Charter Communications, Comcast and Suddenlink rank among the best companies for watching Netflix, by the measure of best average bit rate.
Netflix released a chart of average bit rates of various major ISPs as they streamed Netflix content over the course of several weeks at the end of the fourth quarter.
The results hold little surprise. Cable operators were bunched among the top providers, at 2.5 Mbps or thereabouts. Phone companies, still relying largely on typically bandwidth-constrained DSL, occupied the middle, in the 1.9 Mbps area. Wireless providers came in at the bottom, clustered around 1.5 Mbps or so.

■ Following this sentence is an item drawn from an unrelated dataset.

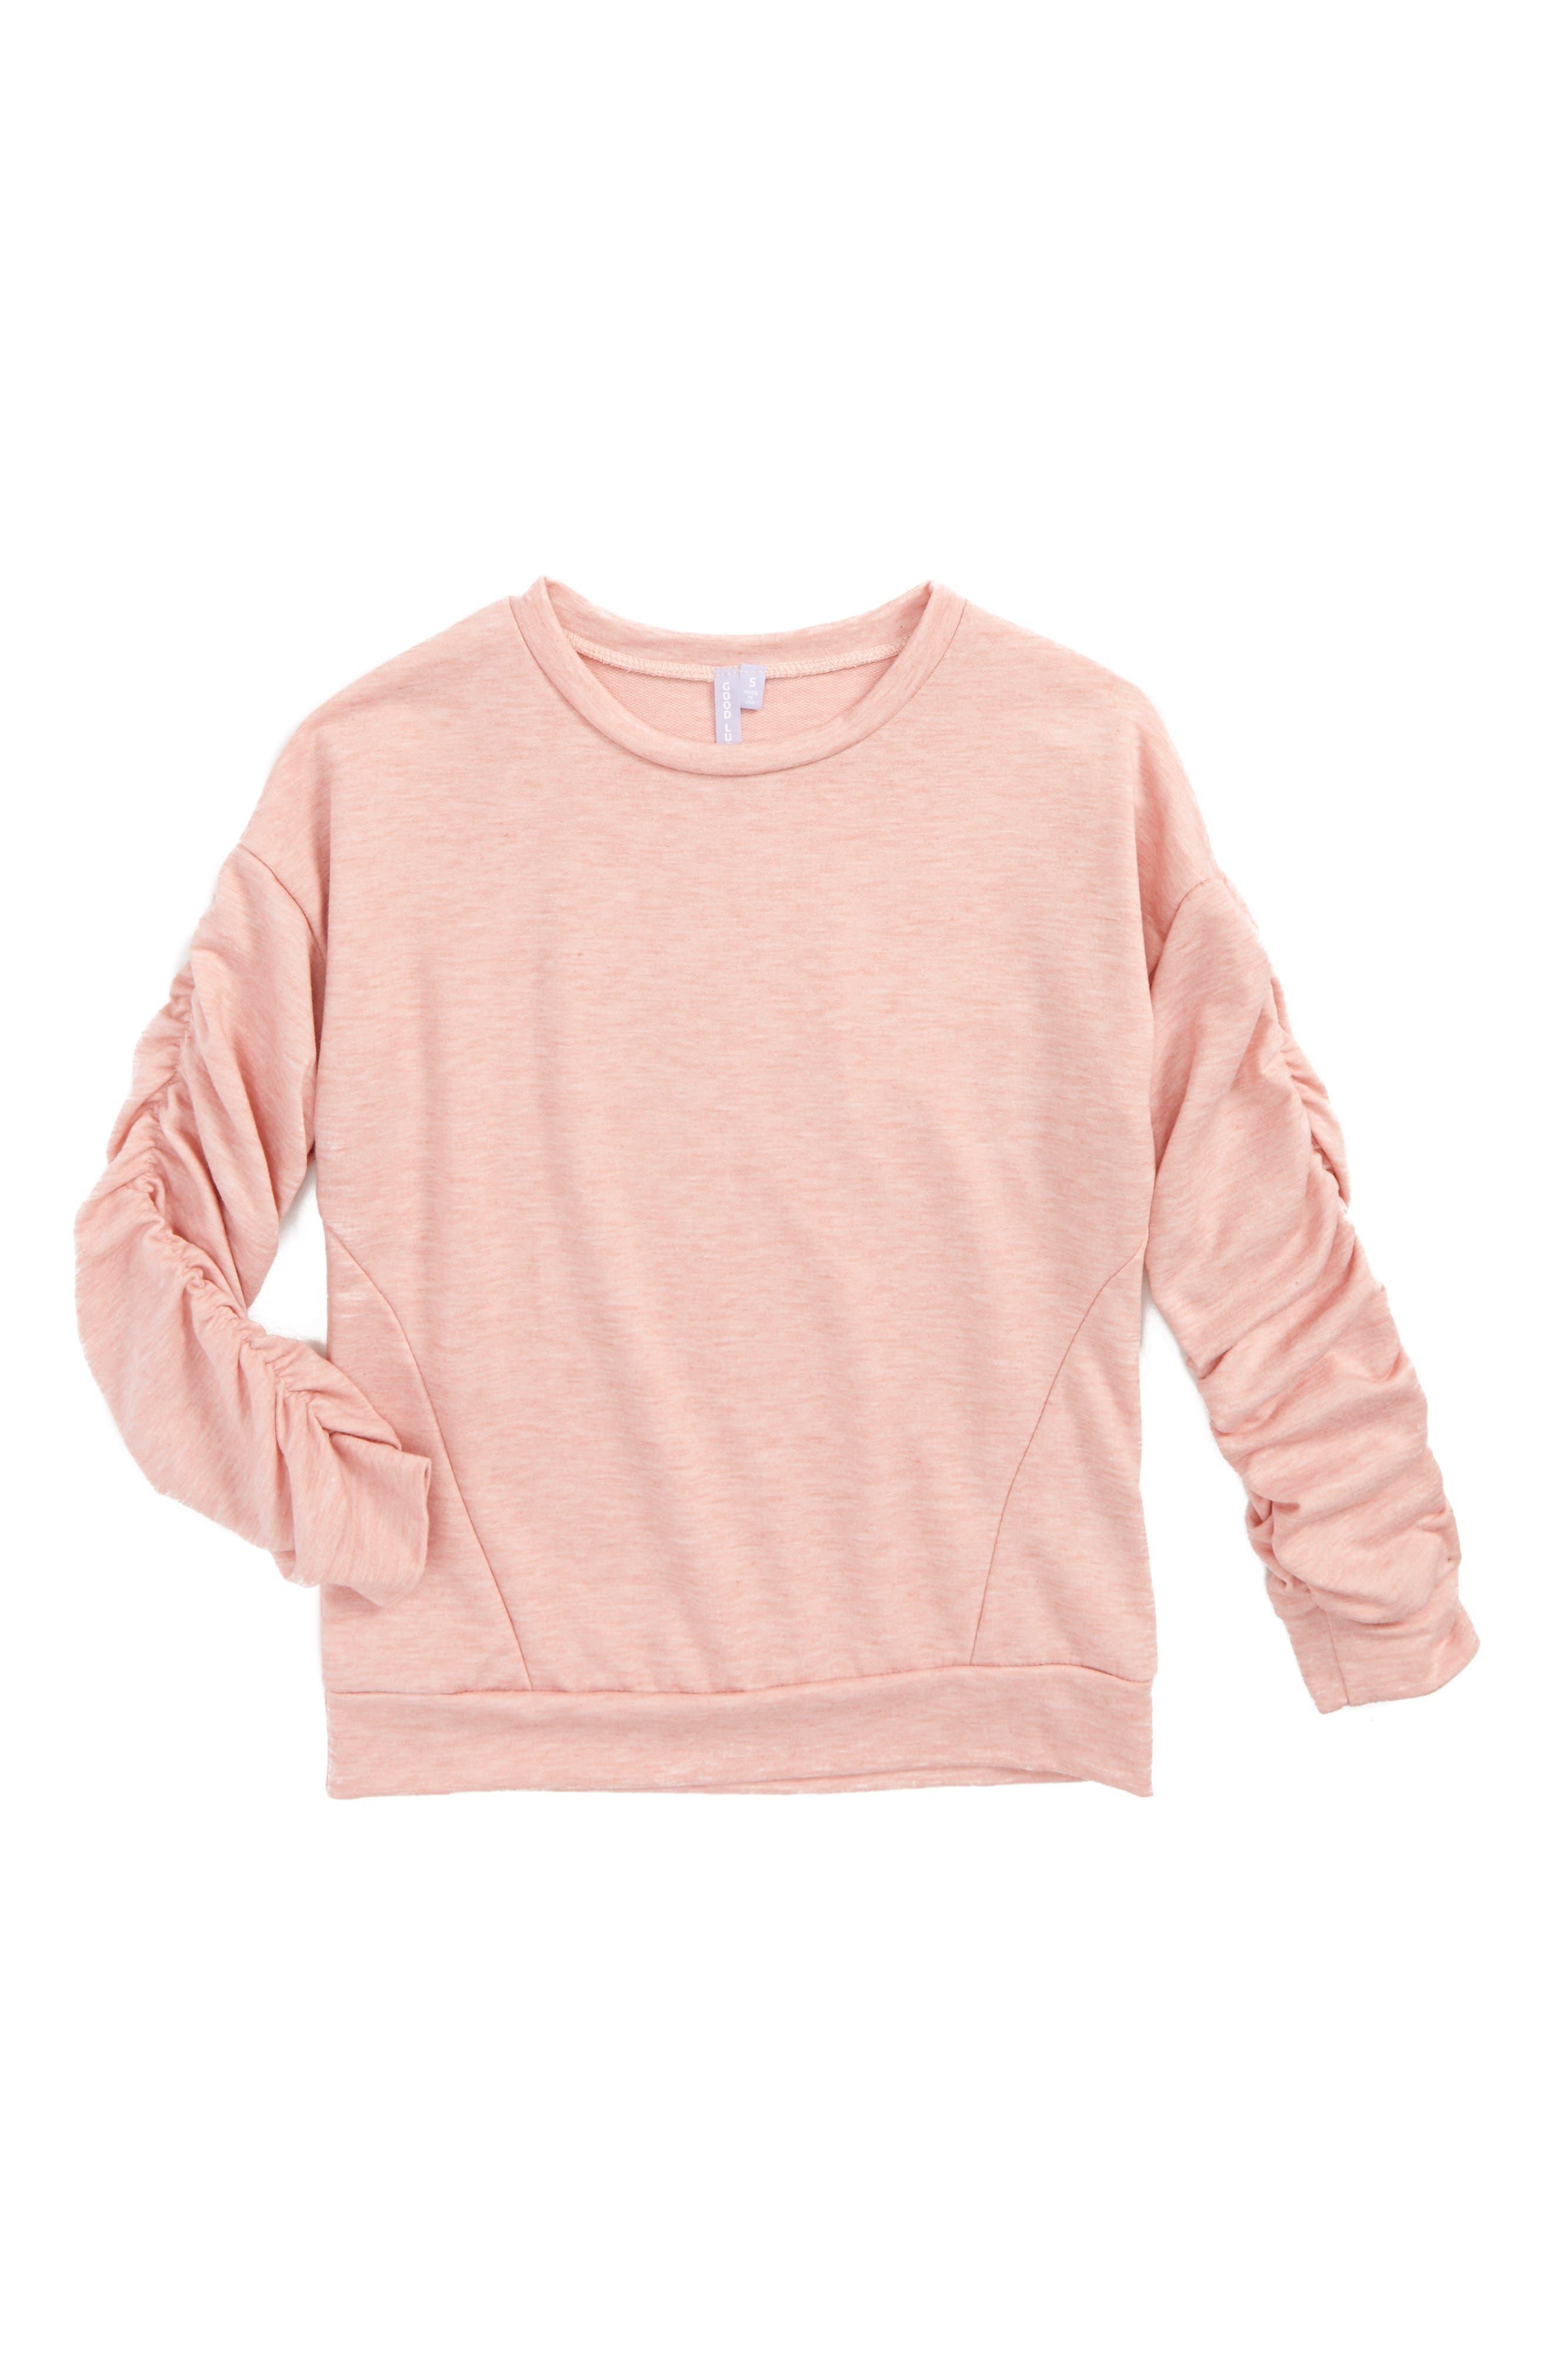 Alternate Image 1 Selected - Good Luck Gem Ruched Sleeve Sweatshirt (Big Girls)

“Currently, our top HD streams are about 4800 kilobits per second,” noted Netflix director of content delivery Ken Florance in his blog post. “Clients may switch through a number of bitrates as they ramp up to the highest stream, or shift down from the highest stream if they cannot sustain play at that rate due to throughput constraints. No client would sustain a 4800 stream from start to finish (there would at least be a few smaller streams averaged in for startup) but the higher the sustained average, the greater the throughput the client can achieve, and the greater the image quality over the duration of the play.”
Netflix recently signed a CDN deal with Level 3, causing an enormous amount of speculation whether it was about to cease working with other CDN partners, specifically Akamai. Florance’s post addressed that obliquely with a sentence clause suggesting Netflix will continue working with multiple CDNs (“as we use a number of CDNs”).
(There’s a separate chart for four Canadian providers that can be linked to on the main blog page.)